_ASSIGNMENT:_ Every entry is to be printed again precisely as given.

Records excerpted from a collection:
────────────────────────────────────────

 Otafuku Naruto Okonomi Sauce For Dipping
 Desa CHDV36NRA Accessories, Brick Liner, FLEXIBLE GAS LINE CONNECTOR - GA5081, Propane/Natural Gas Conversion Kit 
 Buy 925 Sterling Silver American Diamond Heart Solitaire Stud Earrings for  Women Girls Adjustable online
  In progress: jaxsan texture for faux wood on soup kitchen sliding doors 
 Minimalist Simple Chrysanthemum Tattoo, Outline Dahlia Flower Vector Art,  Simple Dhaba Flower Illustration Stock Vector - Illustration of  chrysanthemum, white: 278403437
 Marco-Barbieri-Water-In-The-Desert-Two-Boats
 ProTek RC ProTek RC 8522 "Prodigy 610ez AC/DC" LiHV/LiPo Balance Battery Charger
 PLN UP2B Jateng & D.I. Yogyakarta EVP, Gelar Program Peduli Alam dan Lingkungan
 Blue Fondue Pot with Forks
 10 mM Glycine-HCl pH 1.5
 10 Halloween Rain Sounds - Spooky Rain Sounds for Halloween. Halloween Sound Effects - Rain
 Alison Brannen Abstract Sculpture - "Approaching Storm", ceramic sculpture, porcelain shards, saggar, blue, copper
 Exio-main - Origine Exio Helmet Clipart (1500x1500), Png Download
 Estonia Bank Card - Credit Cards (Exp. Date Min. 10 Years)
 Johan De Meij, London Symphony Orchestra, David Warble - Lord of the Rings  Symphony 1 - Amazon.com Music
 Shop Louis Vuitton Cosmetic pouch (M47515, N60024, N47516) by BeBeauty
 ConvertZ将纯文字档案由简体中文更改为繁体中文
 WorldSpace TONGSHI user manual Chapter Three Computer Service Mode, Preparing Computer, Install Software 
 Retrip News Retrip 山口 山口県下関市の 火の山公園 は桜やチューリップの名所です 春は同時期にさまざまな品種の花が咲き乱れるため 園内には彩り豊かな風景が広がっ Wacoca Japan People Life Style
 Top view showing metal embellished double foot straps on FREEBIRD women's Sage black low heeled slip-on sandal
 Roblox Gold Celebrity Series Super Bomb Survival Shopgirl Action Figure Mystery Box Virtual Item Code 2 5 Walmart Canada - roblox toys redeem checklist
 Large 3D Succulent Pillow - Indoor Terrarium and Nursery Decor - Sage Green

────────────────────────────────────────

_RESPONSE:_
 Otafuku Naruto Okonomi Sauce For Dipping
 Desa CHDV36NRA Accessories, Brick Liner, FLEXIBLE GAS LINE CONNECTOR - GA5081, Propane/Natural Gas Conversion Kit 
 Buy 925 Sterling Silver American Diamond Heart Solitaire Stud Earrings for  Women Girls Adjustable online
  In progress: jaxsan texture for faux wood on soup kitchen sliding doors 
 Minimalist Simple Chrysanthemum Tattoo, Outline Dahlia Flower Vector Art,  Simple Dhaba Flower Illustration Stock Vector - Illustration of  chrysanthemum, white: 278403437
 Marco-Barbieri-Water-In-The-Desert-Two-Boats
 ProTek RC ProTek RC 8522 "Prodigy 610ez AC/DC" LiHV/LiPo Balance Battery Charger
 PLN UP2B Jateng & D.I. Yogyakarta EVP, Gelar Program Peduli Alam dan Lingkungan
 Blue Fondue Pot with Forks
 10 mM Glycine-HCl pH 1.5
 10 Halloween Rain Sounds - Spooky Rain Sounds for Halloween. Halloween Sound Effects - Rain
 Alison Brannen Abstract Sculpture - "Approaching Storm", ceramic sculpture, porcelain shards, saggar, blue, copper
 Exio-main - Origine Exio Helmet Clipart (1500x1500), Png Download
 Estonia Bank Card - Credit Cards (Exp. Date Min. 10 Years)
 Johan De Meij, London Symphony Orchestra, David Warble - Lord of the Rings  Symphony 1 - Amazon.com Music
 Shop Louis Vuitton Cosmetic pouch (M47515, N60024, N47516) by BeBeauty
 ConvertZ将纯文字档案由简体中文更改为繁体中文
 WorldSpace TONGSHI user manual Chapter Three Computer Service Mode, Preparing Computer, Install Software 
 Retrip News Retrip 山口 山口県下関市の 火の山公園 は桜やチューリップの名所です 春は同時期にさまざまな品種の花が咲き乱れるため 園内には彩り豊かな風景が広がっ Wacoca Japan People Life Style
 Top view showing metal embellished double foot straps on FREEBIRD women's Sage black low heeled slip-on sandal
 Roblox Gold Celebrity Series Super Bomb Survival Shopgirl Action Figure Mystery Box Virtual Item Code 2 5 Walmart Canada - roblox toys redeem checklist
 Large 3D Succulent Pillow - Indoor Terrarium and Nursery Decor - Sage Green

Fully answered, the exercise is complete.